Pas d'artifice, jamais ; du fond, du fond, rien que du fond. Et pourtant, c'est très bien fait, car bien évidemment, tout cela n'est qu'une illusion et il faut être un drôle de conteur pour parvenir à narrer, sans avoir l'air d'y toucher, un pan entier de l'histoire du monde rural italien, en pleine période fasciste de l'entre-deux guerres.

Le tour de force est là ; donner l'illusion que ça coule tout seul, que c'est évident, que c'est aisé comme le cours de la parole. Mais non, mes chers amis, rien n'est simple en ce bas monde, et c'est un fier travail que de faire croire qu'il n'y en a pas. J'y perçois en tout cas un bel hommage à ces habitants d'un monde qui n'existe plus, qu'il nous adresse, tel un legs.

Ainsi, l'auteur nous raconte Giacomo, un enfant né au pied des Alpes, tout au nord de la Vénétie, à deux pas des frontières autrichienne et yougoslave de l'époque. Ce petit bonhomme a dû naître en quelque chose comme 1920 et Rigoni Stern débute sa narration autour de 1928, pour nous la dérouler jusqu'en 1942, en pleine seconde guerre mondiale.

On se rend bien compte de ce que c'était que la vie dans ce rude milieu rural et montagnard, où la brûlante problématique, chaque jour, de savoir quoi manger le soir occupait pas mal les esprits. Lui, Giacomo, qui vit avec sa soeur aînée, sa mère et sa grand-mère, est un brave petit gars, pas mauvais à l'école, qui aide bien sa famille et qui n'a pas trop le temps de penser à faire des bêtises.

C'est lui l'homme de la famille, car son père, pauvreté et famine aidant, a été contraint d'émigrer pour un temps dans les mirifiques mines de Lorraine afin de faire, bien laborieusement, parvenir, de temps en temps, un petit pécule à la famille, lequel pécule se retrouve bien souvent englouti rien que pour régler les dettes et subvenir aux affaires courantes.

Car là-bas, chaque centime a son utilité ; on ne jette rien et on récupère tout, on use, on archi-use tout jusqu'à la corde car on ne sait pas quand on pourra s'en acheter un neuf. le système d doit souvent se mettre à l'ouvrage...

Oui, elle est bien dure cette vie, et les principales joies résident dans la beauté du cadre, la solidité de la famille et la cohésion des villageois du hameau, qui se serrent les coudes, car tous embarqués dans la même galère.

Le gros problème, ici bas, c'est l'emploi, vous comprenez, et finalement, pour améliorer moindrement le quotidien, la principale source de revenus et d'activité dans la région, c'est d'aller récupérer les métaux et la poudre des diverses munitions et obus tombés lors de la grande bataille avec les Autrichiens en 1917. le plomb, le fer, le cuivre, le laiton, chaque villageois récupérateur est devenu un expert en reconnaissance de type de munition, adeptes du recyclage avant l'heure.
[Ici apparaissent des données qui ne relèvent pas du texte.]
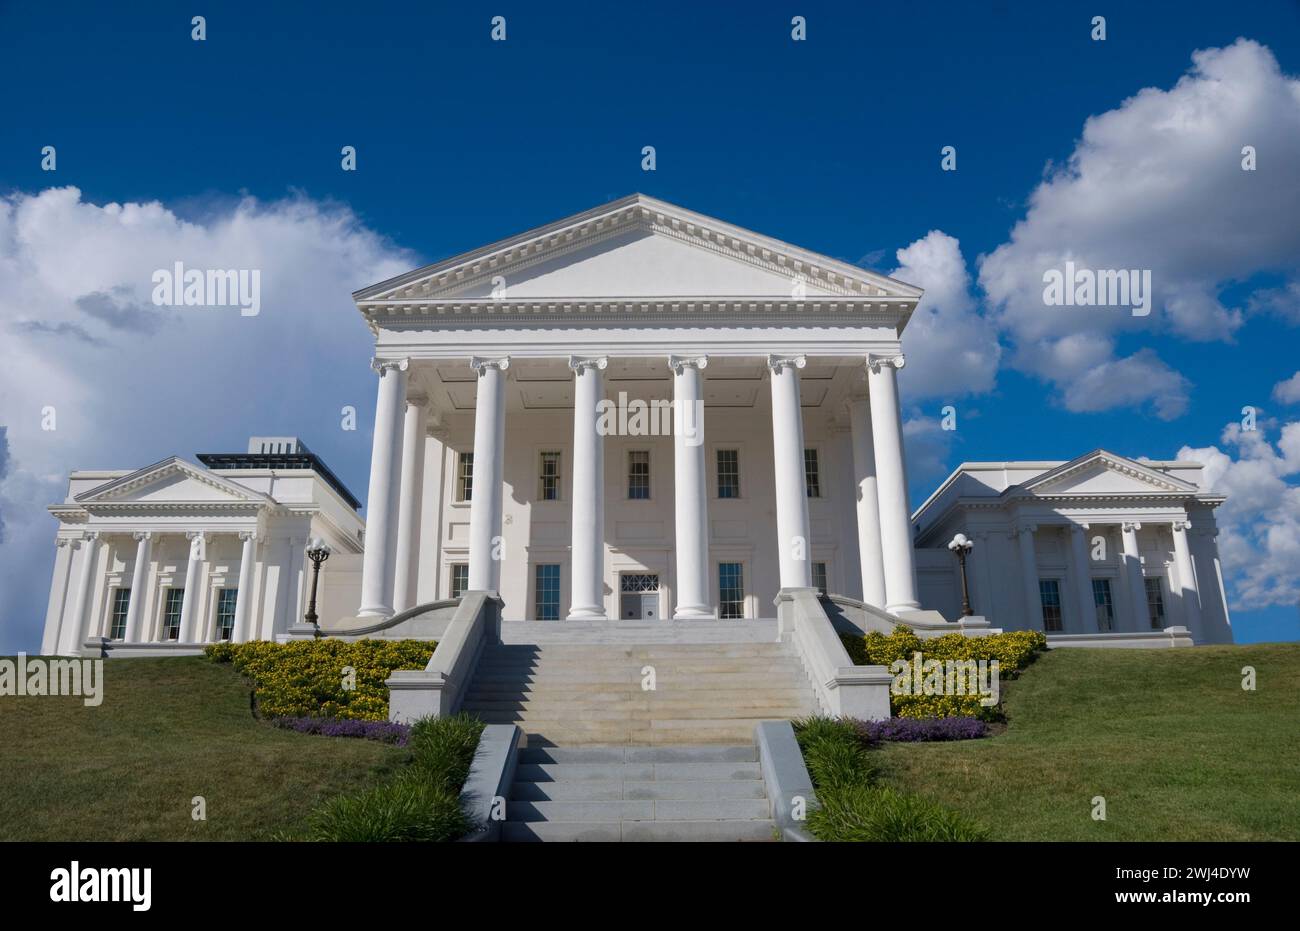 Virginia State Capitol - struttura neoclassica progettata da Thomas Jefferson il secondo presidente degli Stati Uniti - Richmond, Virginia Foto Stock

Ainsi, la poudre est savamment extraite pour être revendue aux chasseurs...

Mais vous vous doutez bien qu'une telle activité n'est pas tout à fait dénuée de risques. Nombreux sont ceux qui ont perdu un bras, un oeil, ou mieux encore, je vous laisse imaginer. La guerre est finie depuis dix ans, quinze ans, mais elle continue encore à tuer...

Sans compter que notre grand ami Benito Mussolini instaure un grand régime de grande tolérance et qu'il fait grand bonheur à ne pas partager ses idées. La délation va bon train et il faut se méfier de chacune de ses propres paroles qui peuvent constituer un chef d'accusation.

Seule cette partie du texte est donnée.